Age and your hearing health

When we're talking about age-related hearing loss, what we're actually talking about is experience. The more loud-sound experiences you've been exposed to, the more likely your hearing has taken a toll. The more you've experienced the world, the more chances you've had to damage the intricate anatomy of your ears. So, what's the next experience on the list? It's time to understand how age may be playing a role and what you can do to protect your hearing health in the future.
Age-related hearing loss

What is age-related hearing loss?

Age-related hearing loss comes from the Greek presbys “old” + akousis “hearing” or presbycusis.

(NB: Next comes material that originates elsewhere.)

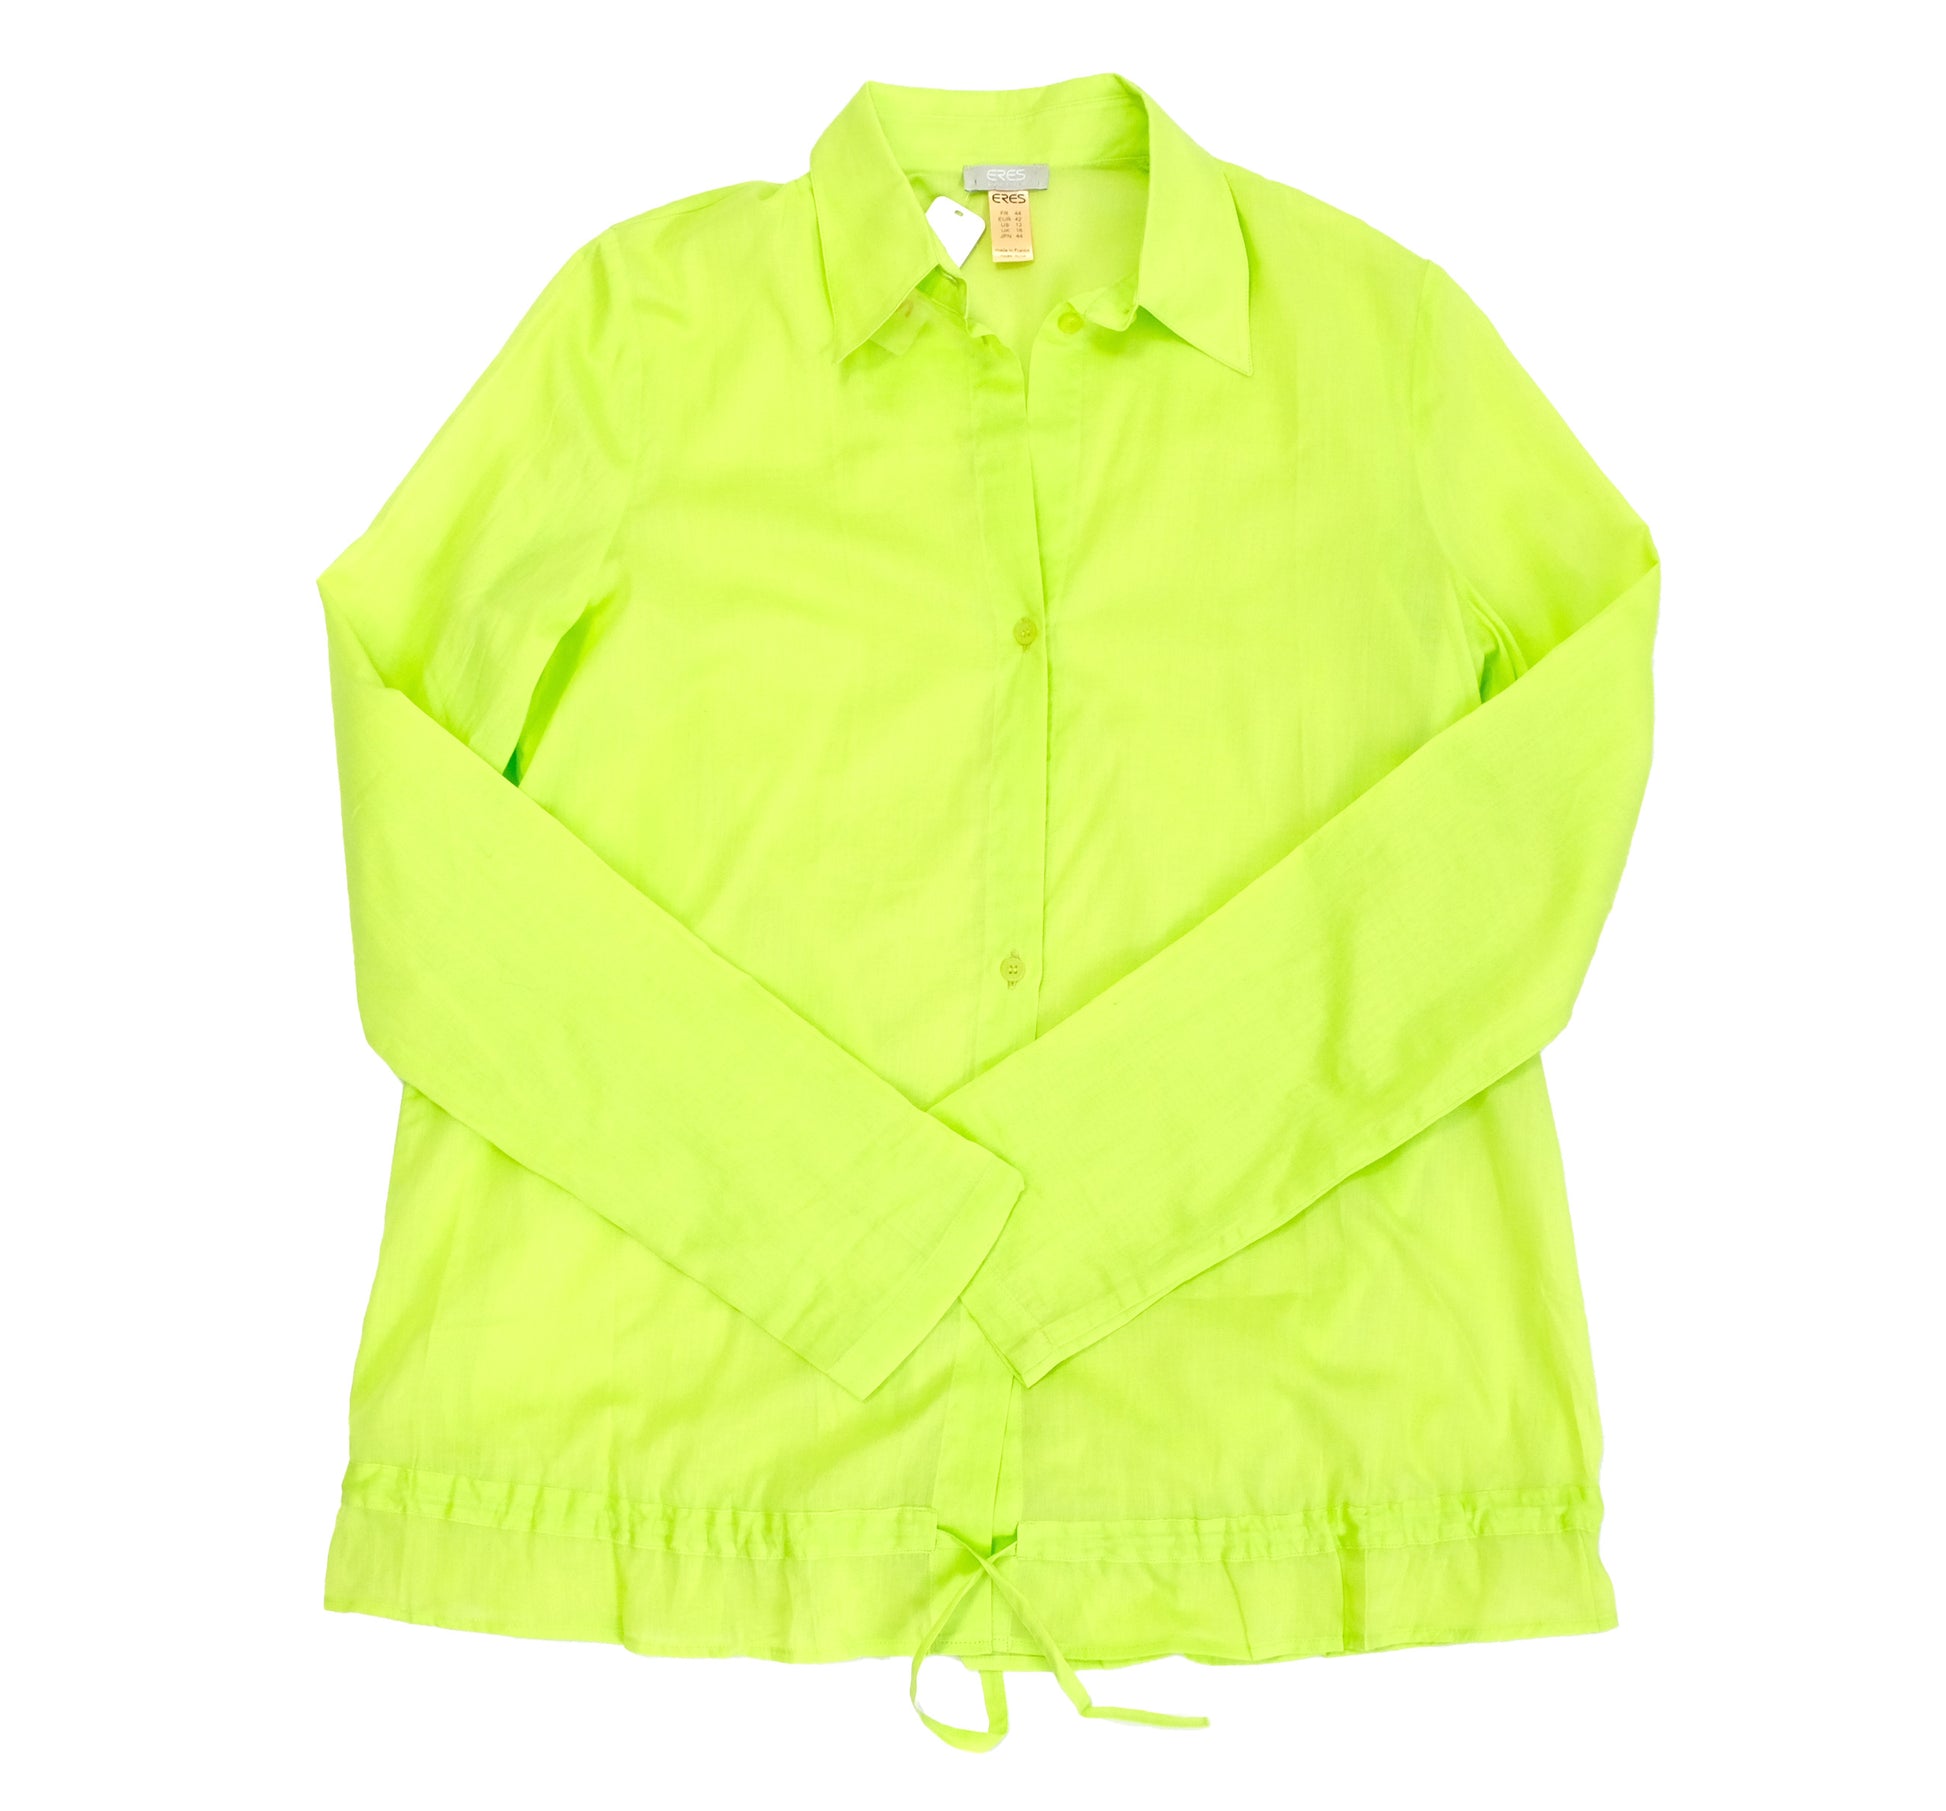 Eres Beach Shirt in Semi Sheer Lime Green Cotton, UK16
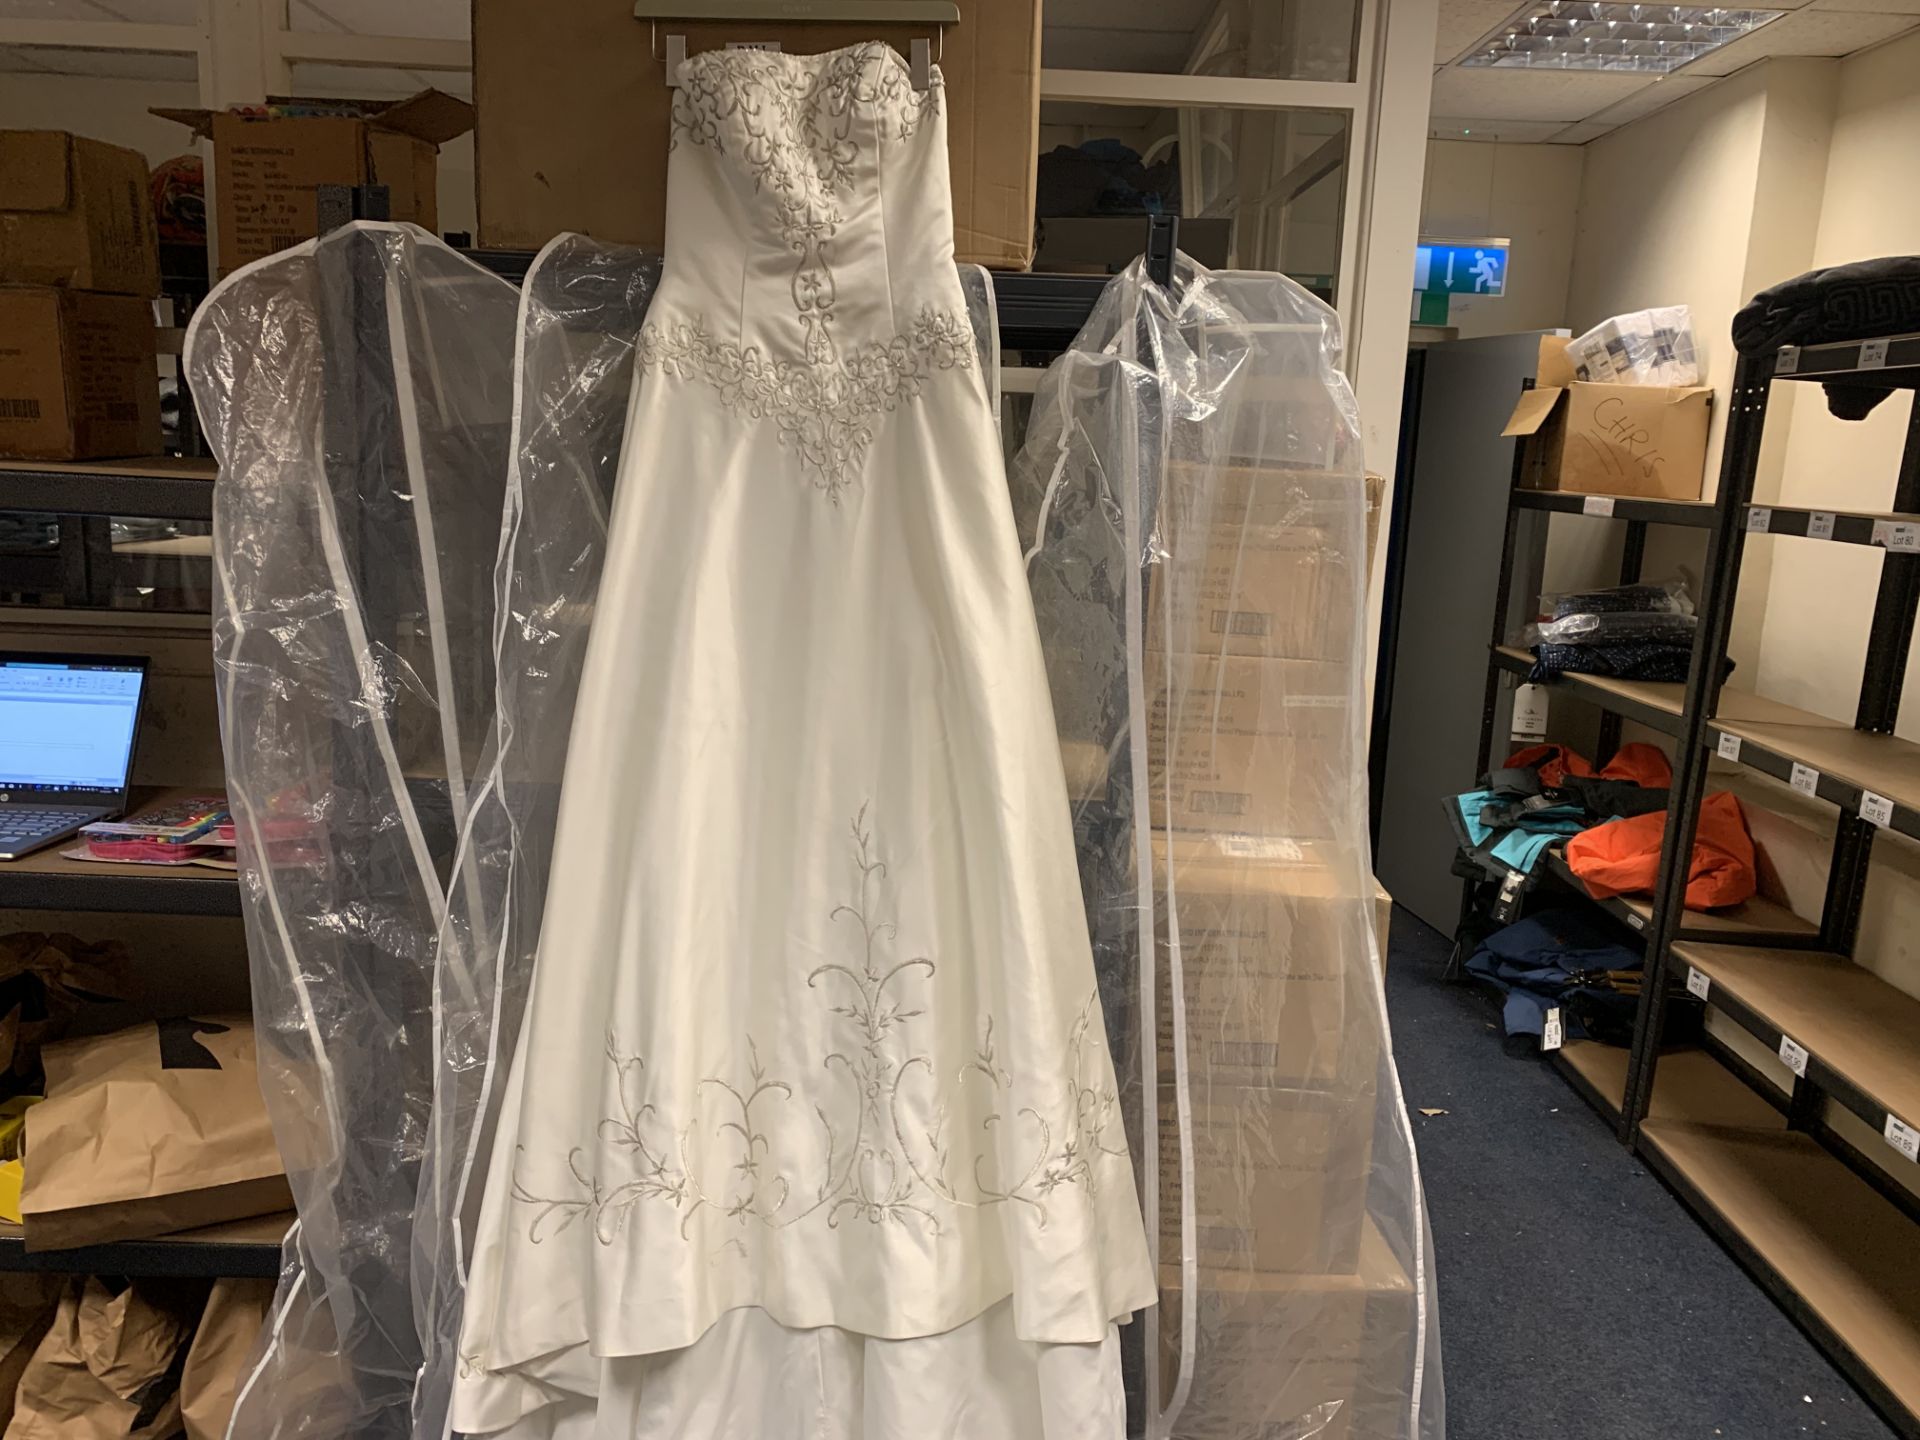 UNKNOWN SIZE WHITE WEDDING DRESS

It’s a lot like irreversible balding: once the hair cells in your inner ear are damaged, they don’t grow back. That’s why hearing aids can make you feel young again. That is, your inner ear may be going bald, but no one has to know about it.

How does it happen?

It's no secret that our hearing takes a toll as we age. What's a bit more difficult to explain is the exact reason why, as age-related hearing is often accompanied by other kinds, such as exposure to loud noise and a reduction in the tiny hairs cells in our ears. Most commonly, changes to the inner ear are to blame for the gradual reduction in hearing capabilities. This can often be genetic. Changes to the middle ear or nerve pathways leading to the brain can also happen, but this is less common.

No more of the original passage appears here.